Se a preocupação do setor hoteleiro é grande, ela ganha proporções ainda maiores para os operadores de cruzeiros. O drama dos passageiros e tripulantes a bordo do navio Diamond Princess, que ficaram impedidos de desembarcar no porto de Yokohama, no Japão, acendeu o primeiro alerta sobre o destino de quem está atualmente em viagem no mar. O navio MSC Meraviglia navegava pelo Caribe na semana passada quando foi impedido de realizar as escalas programadas em Ocho Rios, na Jamaica, e George Town, em Grand Cayman. Os passageiros não puderam desembarcar em nenhuma das ilhas. Segundo a MSC, apenas porque as autoridades locais decidiram ignorar os protocolos de saúde estabelecidos. “As decisões foram tomadas baseadas no medo e não na melhor prática médica”, afirmou à DINHEIRO um porta-voz da empresa. “Já as autoridades mexicanas seguiram corretamente os protocolos marítimos e, após o navio receber autorização para atracar em Cozumel, no México, especialistas em saúde embarcaram para verificar a condição médica de um tripulante e de uma hóspede que estavam com gripe sazonal e, por precaução, realizaram exames adicionais”. Os resultados confirmaram que a condição de ambos não estava associada ao Covid-19.
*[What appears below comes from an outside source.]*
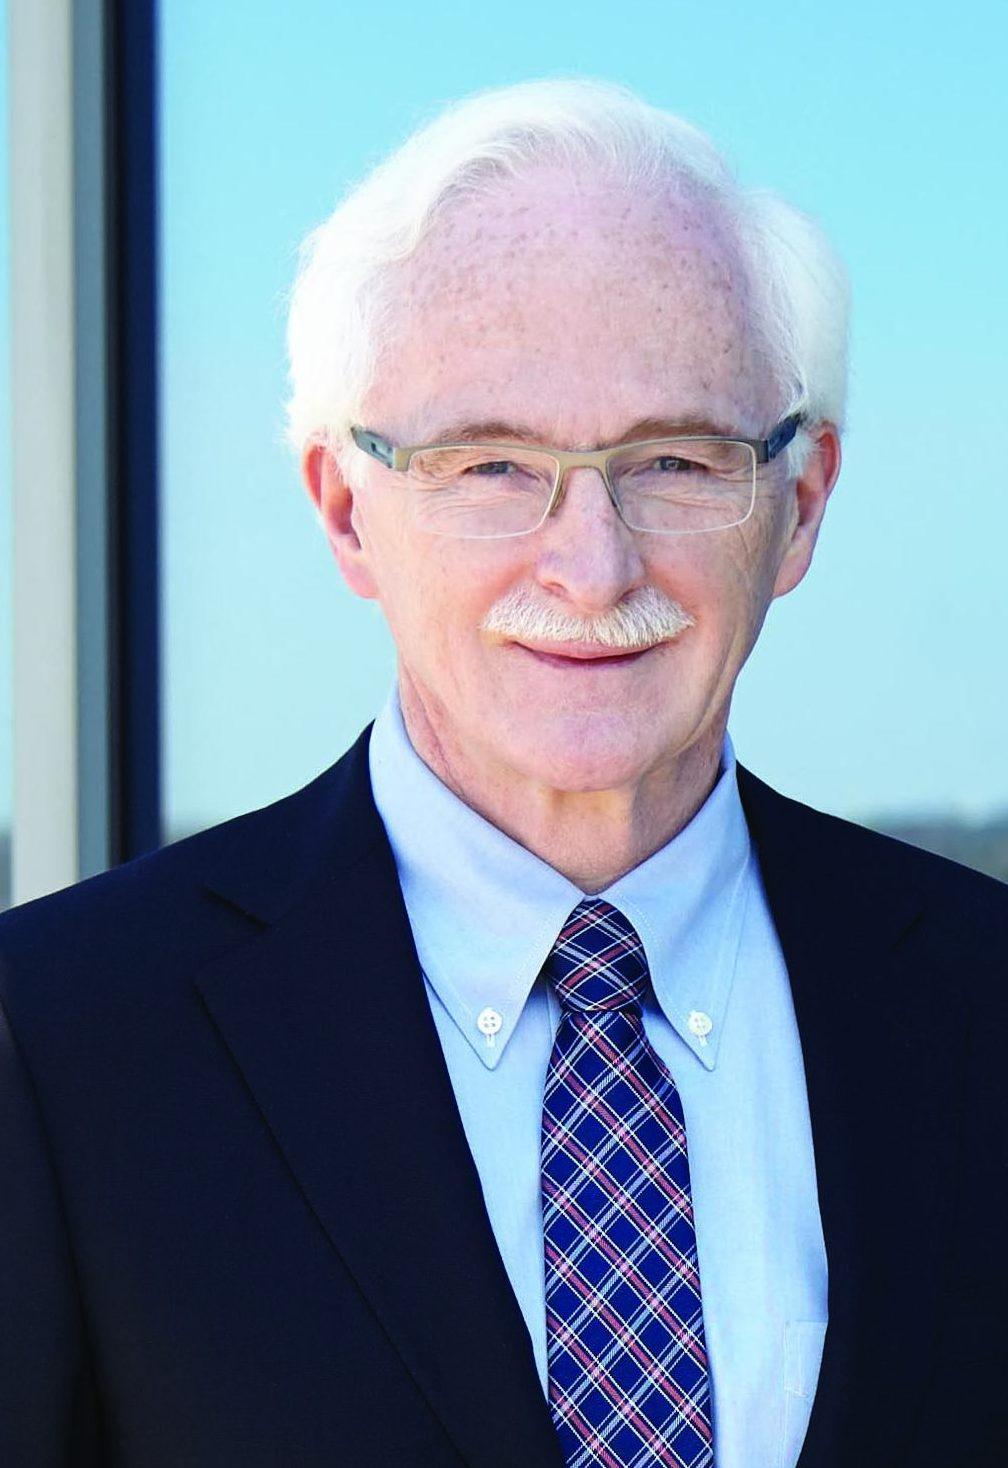 Alex Miller, president, Esri Canada

Barrado no porto: MSC Mereviglia foi impedido de atracar na Jamaica e Grand Cayman por levar tripulante e passageira suspeitos. (Crédito:Gabriele Maricchiolo)

Por precaução, a empresa atualizou o itinerário de 28 noites do MSC Bellissima, que partirá do Golfo para a Ásia dia 21. Foram canceladas as visitas aos portos de Shenzhen, na China continental; Hong Kong; e Keelung, em Taiwan. “A MSC Cruzeiros conduziu e continua realizando triagens pré-embarque para identificar pessoas que possam estar em risco”, afirma a empresa. “Passageiros com sinais ou sintomas da doença como febre calafrios, tosse ou dificuldade para respirar, terão o embarque negado”. A empresa também passou a recusar pessoas provenientes de áreas de risco, incluindo uma lista de cidades italianas. Com reportagem de Hugo Cilo.
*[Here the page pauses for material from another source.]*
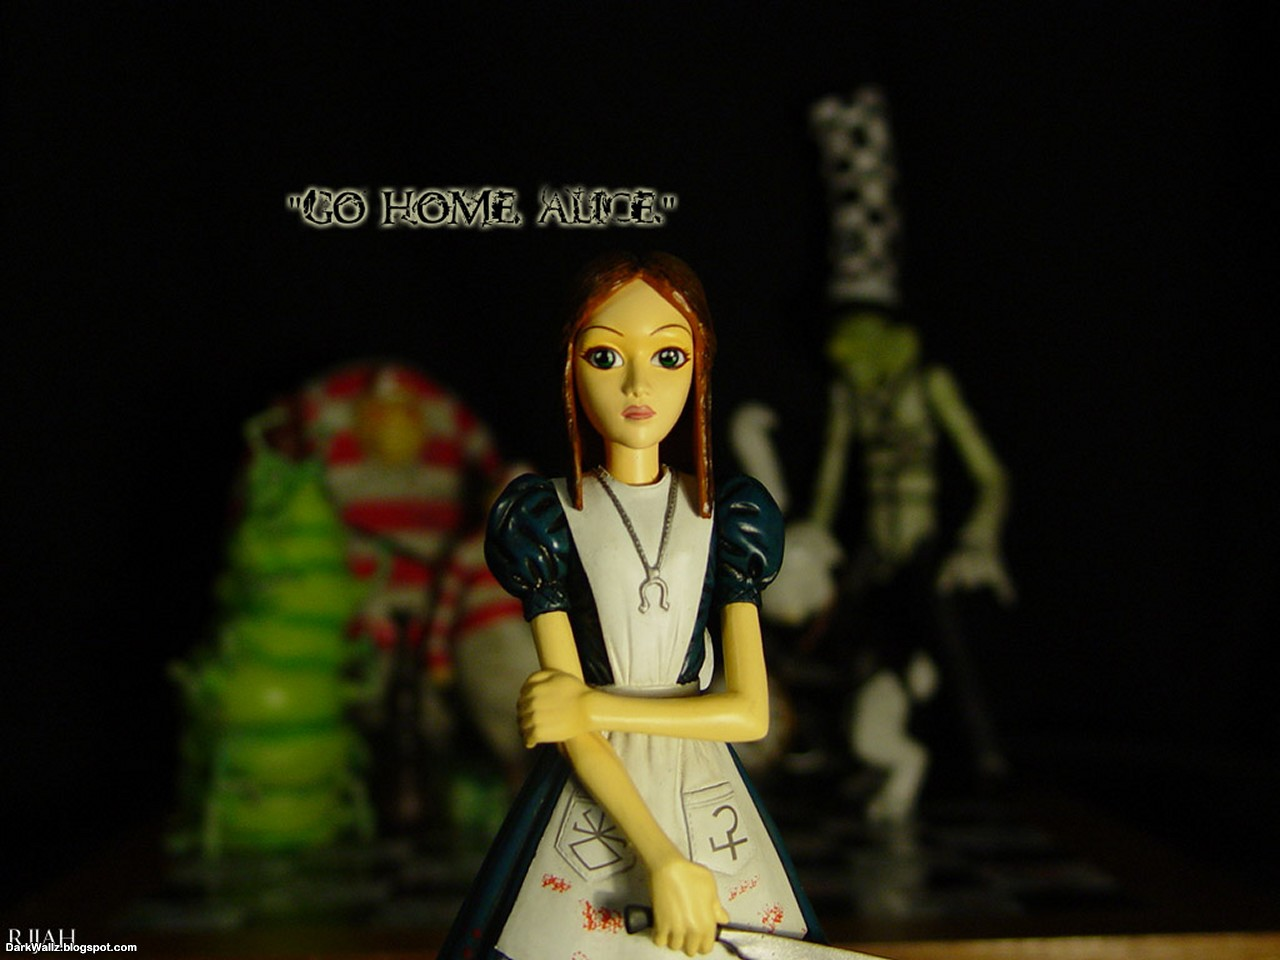 Go Home Alice | Dark Wallpaper Download

Empresas reduzem viagens e alteram rotina

A economia globalizada fez das viagens de negócios parte da rotina de quem trabalha em empresas que mantêm negócios em diversos países. Com o coronavírus, parte dos deslocamentos está sendo descartada. Multinacionais como Nestlé e L’Oréal, além de brasileiras com forte presença no exterior, caso da BRF, passaram a restringir as viagens ao exterior, trocando o avião por ligações telefônicas e cancelando presença em eventos que possam oferecer algum tipo de risco a seus executivos. Preparar o ambiente de trabalho para reduzir as chances de contágio caso haja uma pandemia também passou a ser uma preocupação no mundo corporativo. “Uma possível disseminação do coronavírus seria um grande teste de gestão de crise para as empresas que atuam no Brasil”, afirma Vanderlei Ferreira, diretor de Gestão de Risco da EDP no Brasil . A empresa de energia (foto) de origem portuguesa se antecipou e afirma estar preparada “para que os efeitos dessa crise afetem o mínimo possível nossa operação e nossos colaboradores”, segundo Ferreira. Desde meados de fevereiro, os protocolos de higiene foram intensificados na empresa. Onde há compartilhamento de equipamentos de informática e telecomunicações, como call centers e centros de operação, a recomendação é higienizar esses itens com desinfetantes à base de álcool. A EDP também desenha um plano de contingência, que prevê esquemas de trabalho em home office e sistemas de redundância, num cenário de intensificação da epidemia, em que não seria possível o deslocamento aos locais de trabalho. Medidas semelhantes vêm sendo adotadas em bancos e até em restaurantes.